Further, it is well recognised that as the business landscape evolves, organizations adopt innovative corporate structures and adhere to best governance practices to thrive in a constantly changing environment. Human ingenuity being the driver of innovative corporate structuring plays a crucial
role in recognizing the need for change and innovation in corporate structures. Implementing best corporate governance practices helps organizations strike a balance between compliance and innovation. Best governance practices provide a framework within which human ingenuity can drive innovative solutions while ensuring ethical and legal conduct.

The interplay between human ingenuity, corporate structuring, and best governance practices is essential for organizational growth and success. By embracing human ingenuity and following best governance practices, companies can adapt to a changing business landscape, navigate complex regulations, achieve optimal tax outcomes, and foster an environment that promotes innovation.

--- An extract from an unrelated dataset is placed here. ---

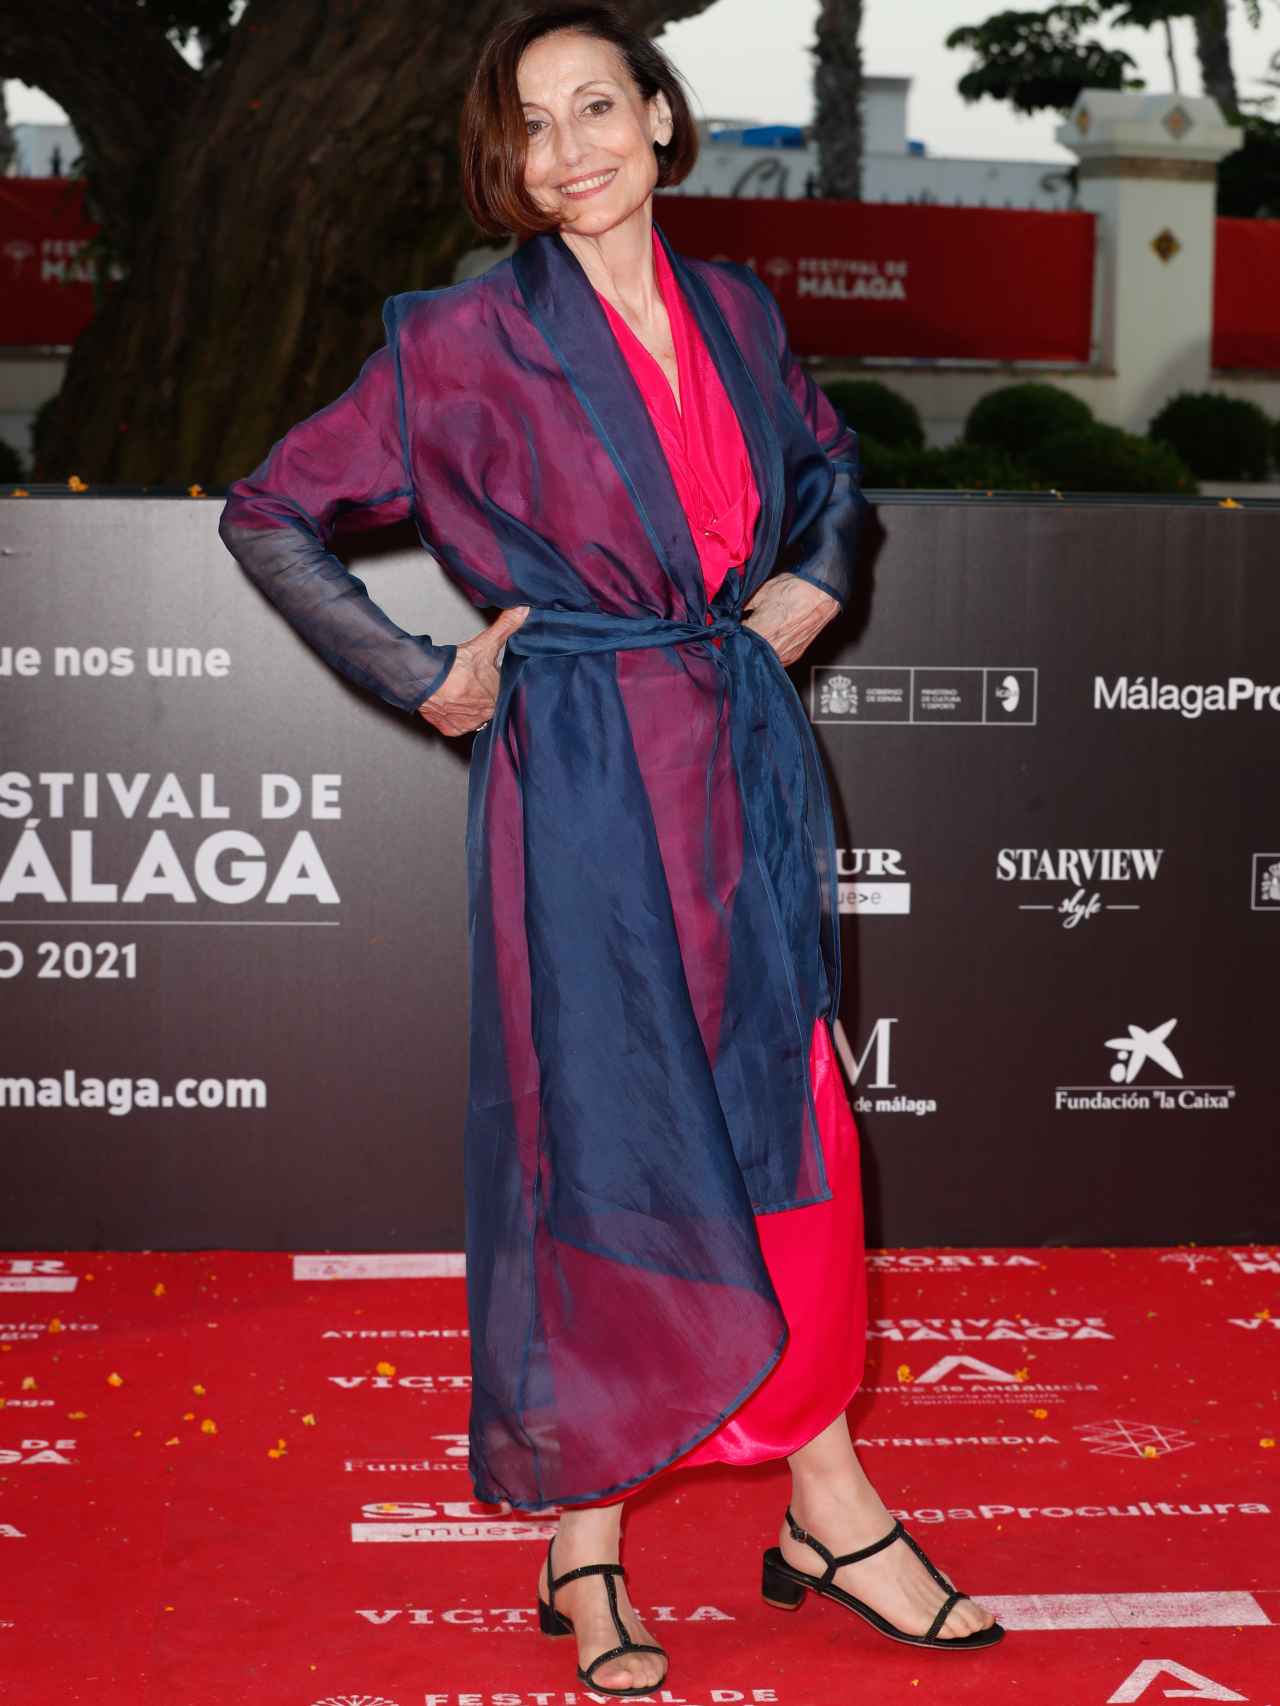 La actriz Carme Elías posando durante el Festival de Málaga en junio de 2021.
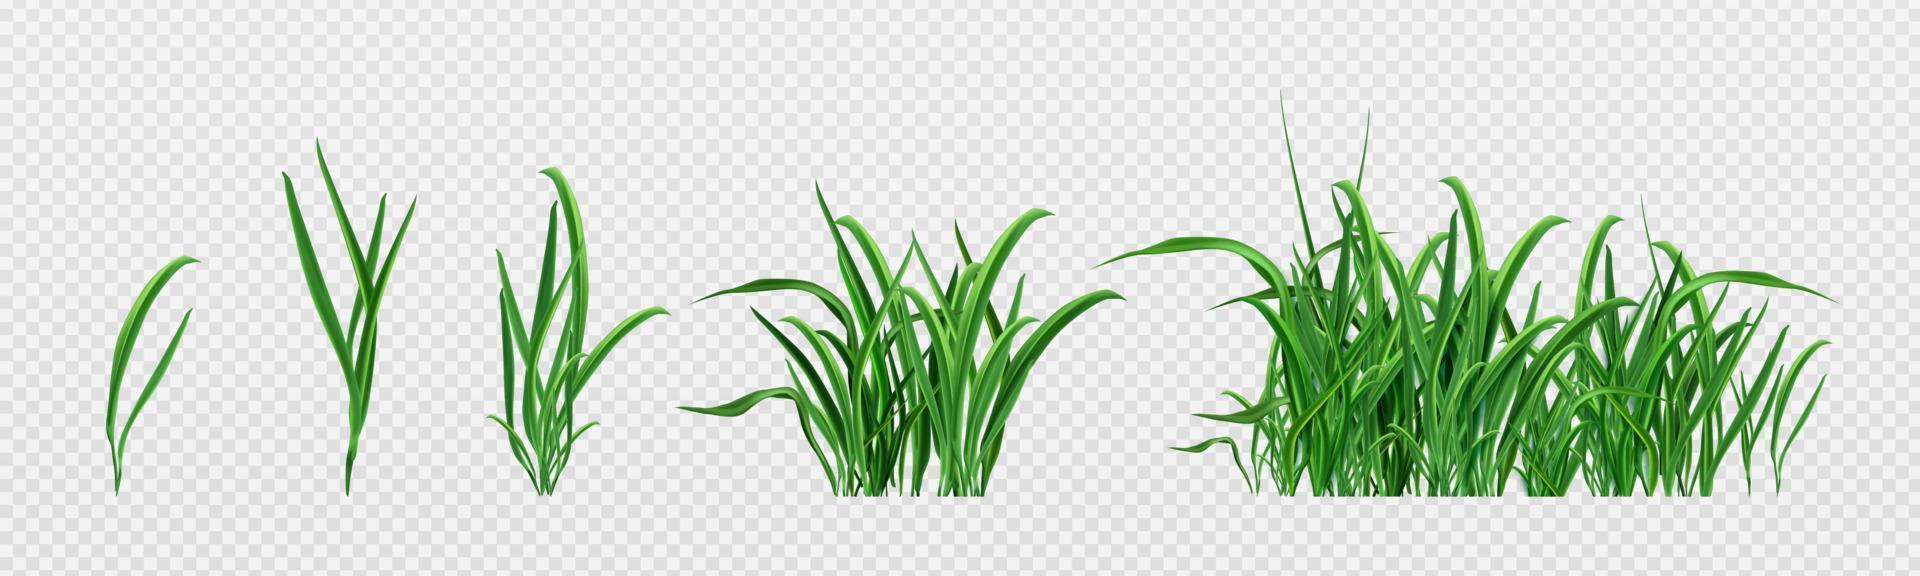 réaliste ensemble de vert herbe choux vecteur

Thus, the corporates should review whether their existing tax frameworks embrace the principles of transparency, substantiation, and economic substance and continue to be in line with and are integrated with broader business strategies. This will help organizations navigate the complexities of anti-avoidance regulations and achieve optimal tax outcomes. It is not uncommon for businesses to be missing opportunities or creating risks by inadvertently excluding tax considerations from their business strategy and decision-making processes. Thus, to steer this complex landscape of anti- avoidance regulations, comprehensive understanding, transparency, and a commitment to legitimate tax planning is essential and seeking professional guidance from the experts in the matter would be helpful. By adhering to this, corporates can responsibly optimise their tax liability within the confines of the law, ensuring both compliance and fiscal prudence.